Find the line with "Thermos Purple Hearts" and the line with "Reiss Carie Jacket, Pink" in the entries below; output exactly those two lines, every line between them, and no others.

### Listed entries

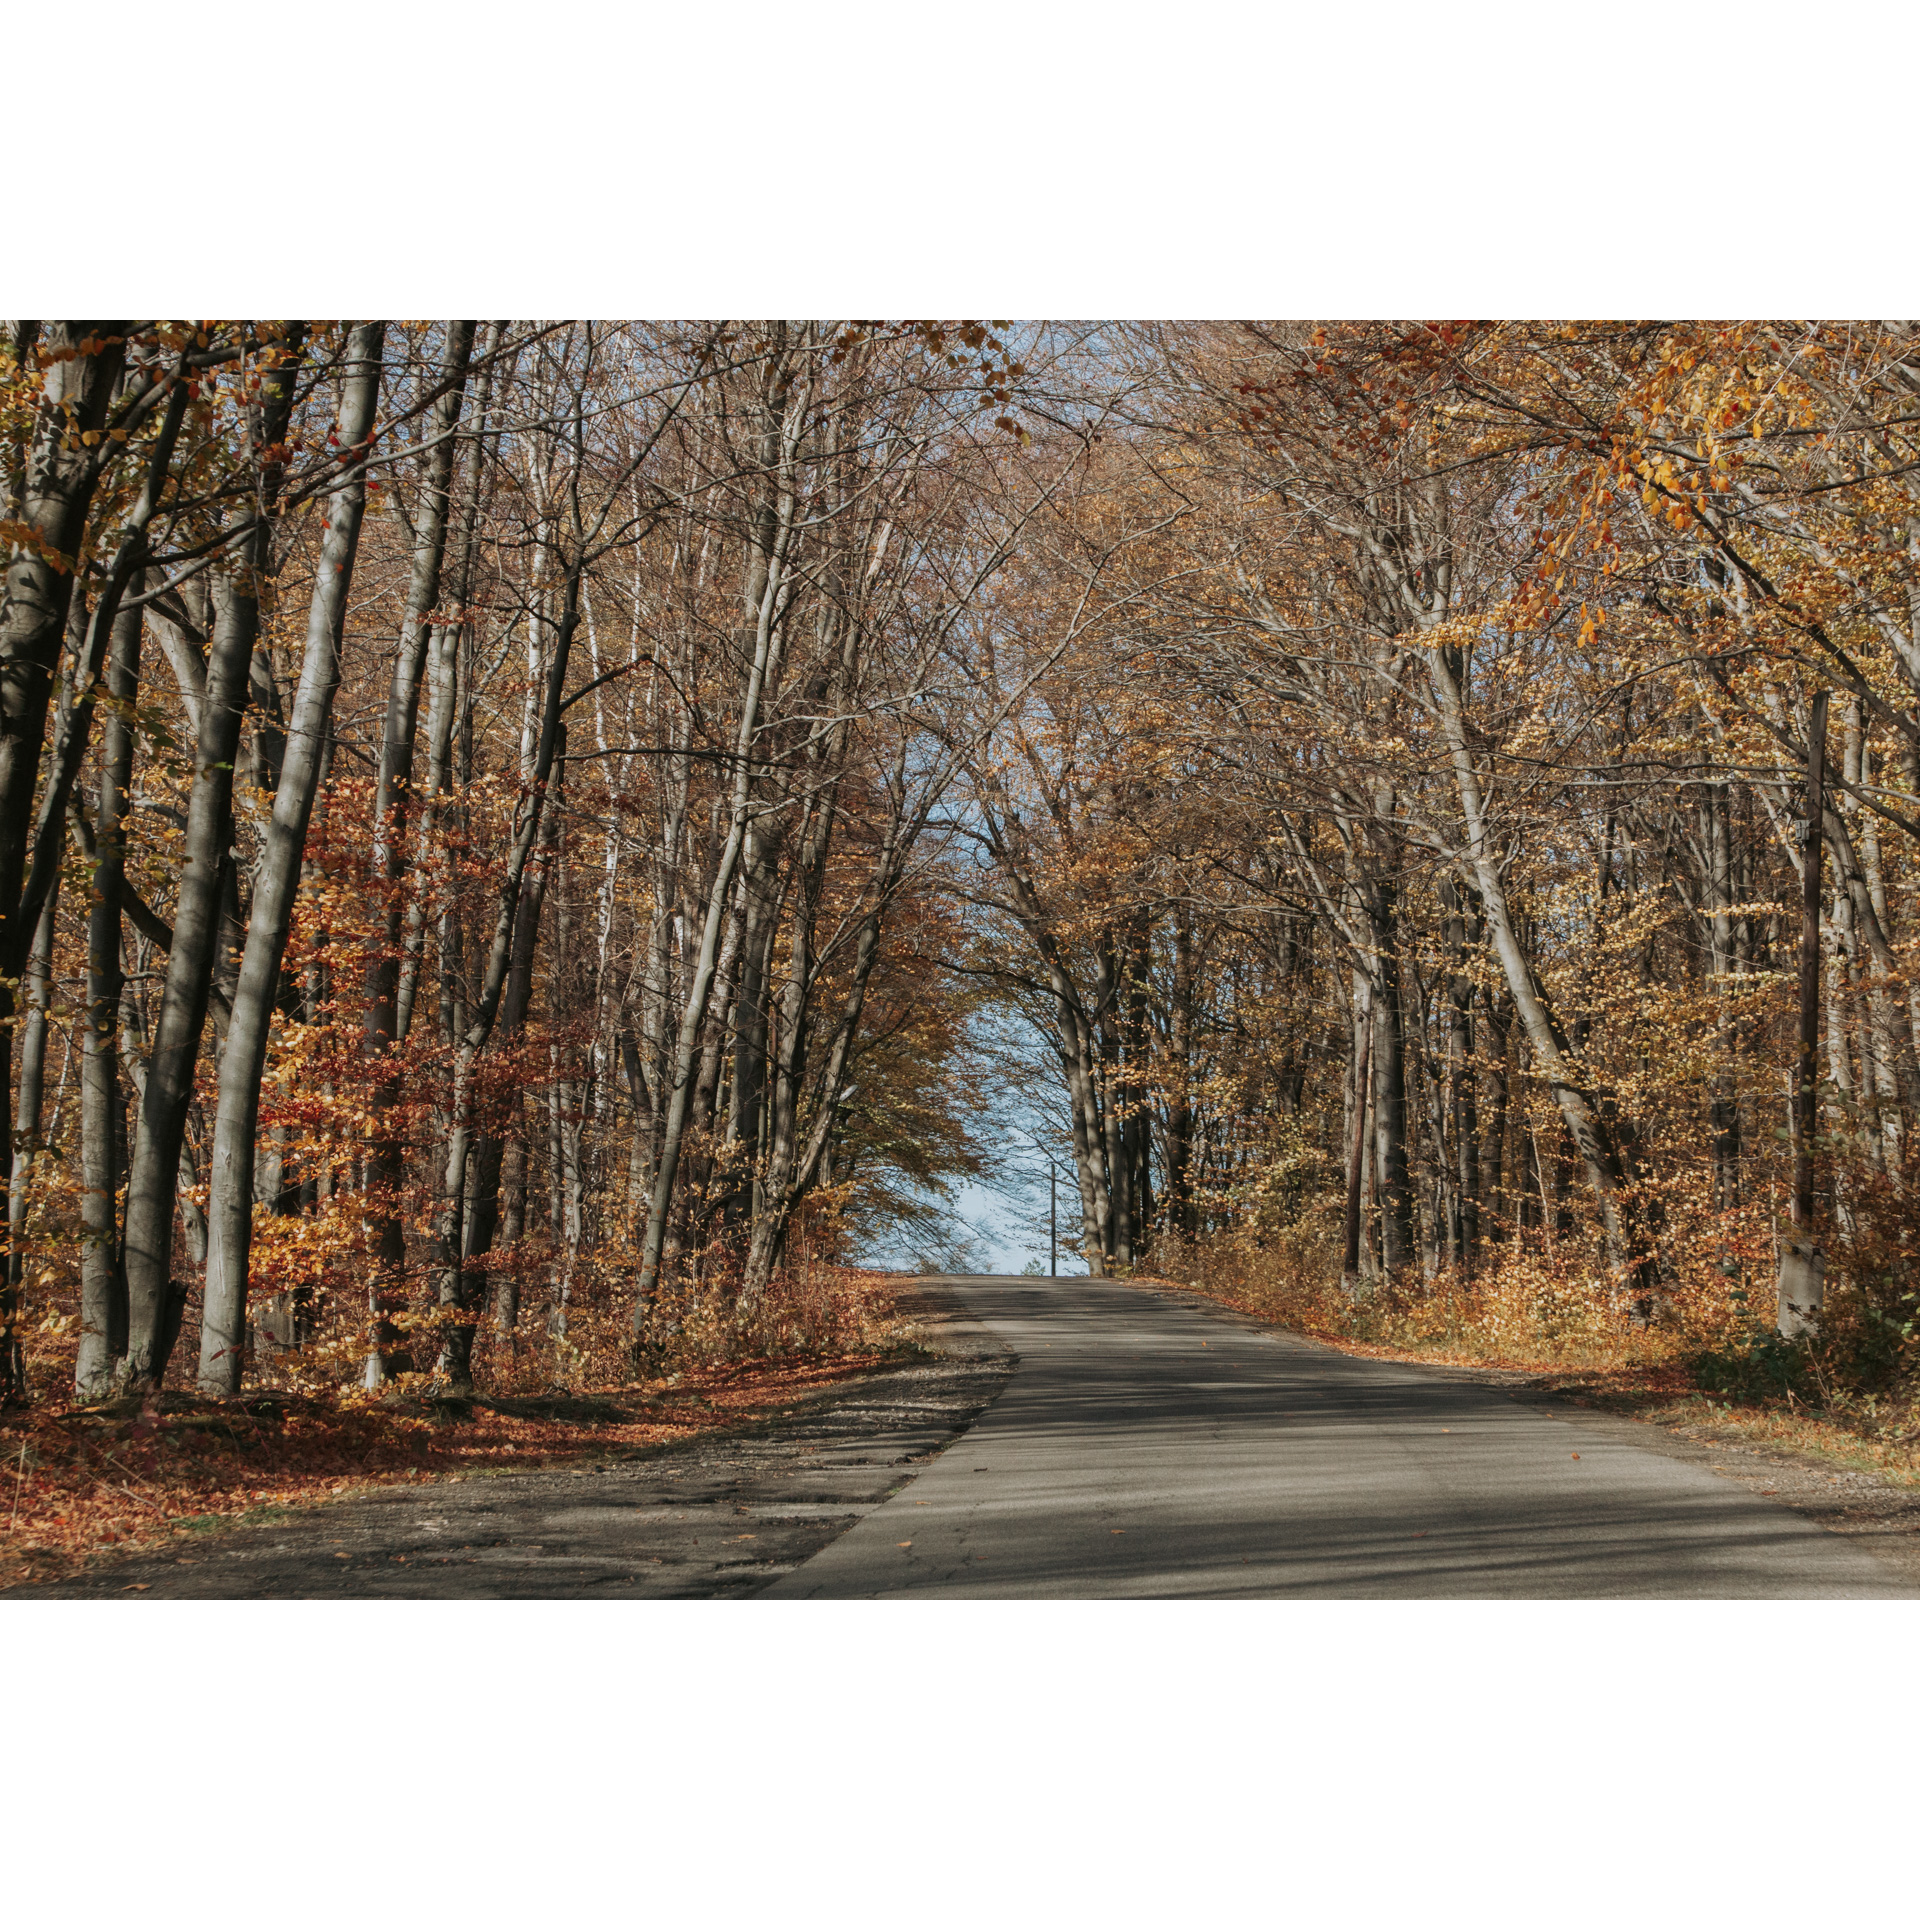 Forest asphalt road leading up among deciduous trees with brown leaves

######
### Listed entries

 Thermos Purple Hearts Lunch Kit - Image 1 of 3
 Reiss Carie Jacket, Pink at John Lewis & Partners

######

▶ [Result of the exercise]:
 Thermos Purple Hearts Lunch Kit - Image 1 of 3
 Reiss Carie Jacket, Pink at John Lewis & Partners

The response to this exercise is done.